И тогда больной тихо шепчет себе: все дозволено. Я сделаю все что угодно, чтобы избавиться от своей лютой боли. Мне худо! Худо! Ненависть жрет меня изнутри! Так я возьму и обращу свою родную ненависть в живую месть. В ту, что живет и царствует среди людей.
А что бедному больному для этого надо?
А очень простая вещь ему нужна; ему надо громко, вслух сказать себе: все дозволено!
И тогда охваченный злобой, несчастный больной кричит, хрипло, надсадно, на весь мир: ВСЕ ДОЗВОЛЕНО-О-О-О-О-О!
И превращается в мстителя.
В лютого, сильного, хитрого зверя.
[ОБОРОТЕНЬ]
Оборотень. Он пустой.
У него есть только волчья шкура.
Волколак. Днем он сладко улыбается ближним, а ночью сбрасывает кожу – и вот уже серая шкура дыбом встает, и в зимнем воздухе пахнет серой, и хвост вытянут над землей мохнатой серой палкой, и только тень стелется по снегу, так быстро он бежит. Оборотень. Вервольф. Волколак. Вернее, бежит его шкура. Его пустые лапы вдавливаются в снег. Пальцы впечатываются в смертельную белизну. Ночь. Зима. По зиме бежит волк. Волк, он немного сумасшедший. Я не могу его понять. Но я могу перевести со звериного на родной язык его рык.
Под остроугольной мордой – пустота.
Красная пустота в приоткрытой пасти.
Бежит, и капает на снег слюна.
Он не бешеный. Его бешенство – в ледяном расчете.

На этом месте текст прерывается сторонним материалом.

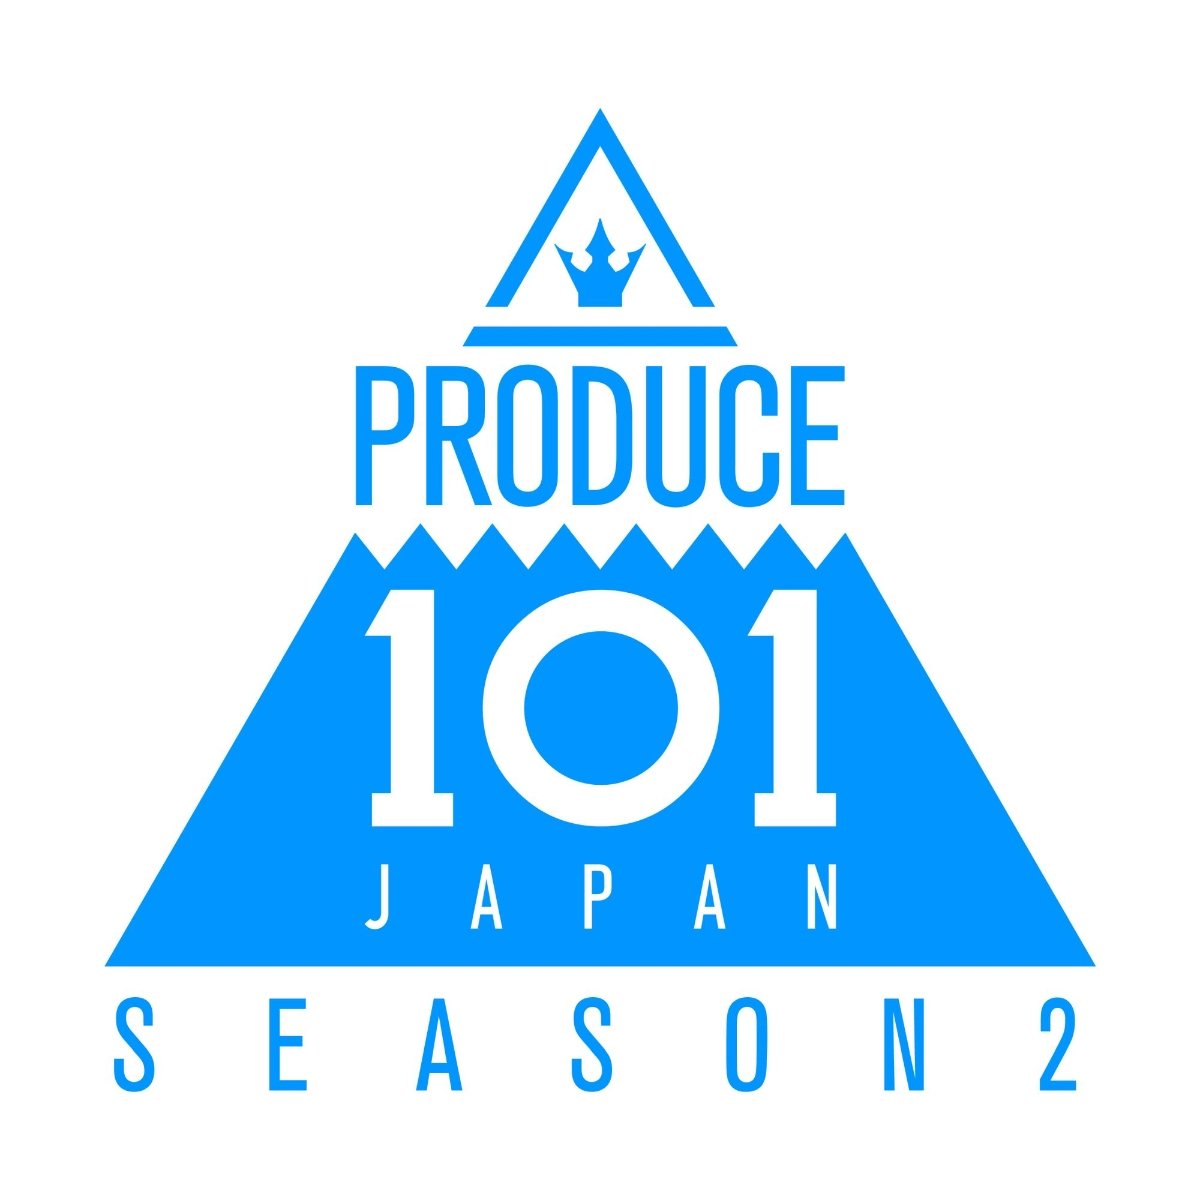 CD Shop - PRODUCE 101 JAPAN SEASON PRODUCE 101 JAPAN SEASON 2

Оборотень, он стал волком из мести. Из ярости.
Тяжело побороть в себе ярость. Невозможно.
Гнев и ярость. С ними нету сладу.
Волк, это вор. Он умелый вор. Он крадет из хлева овец, ягнят. Слова дрожат и трепещут, а их зубами, клыками хватают за шкирку, тащат, волокут, слова визжат и сучат тонкими младенческими ногами, вырываются, но смиренным кудрявым, шелковым ягнятам волчьи зубы пускают кровь, и волчий язык слизывает живую красноту, волк питается ею, он насыщается кровью и живым мясом, мертвечину он жрать не будет. Он жив, потому что погибает другой. Все просто. Все очень просто на земле. Ты – погибни. Я – буду жить.
Я буду урчать над твоей плотью, над дымящейся кровью, есть тебя, ты ведь такой вкусный, потому что ты выстраданный, свежий и настоящий. Ты – мясо. Ты мое мясо. Ты моя будущая жизнь. Я, волк, очень благодарен тебе, добыча, за то, что ты так мало сопротивлялась. Ты дрыгалась так робко! и беспомощно…
А днем, днем я притворяюсь тем, кем надо. Кем удобно и почетно притворяться. У меня много хитрых человечьих морд. То я твой хозяин, я стригу твою шерсть и кормлю тебя из ведра вкусной баландой. То я владычица старого замка, светская львица, бусы густо обмотаны вокруг моей голой шеи, в ушах звездами горят полярные алмазы. Я лучше всех танцую. Никто не знает, что я по ночам волком рыскаю по широкой и снежной степи.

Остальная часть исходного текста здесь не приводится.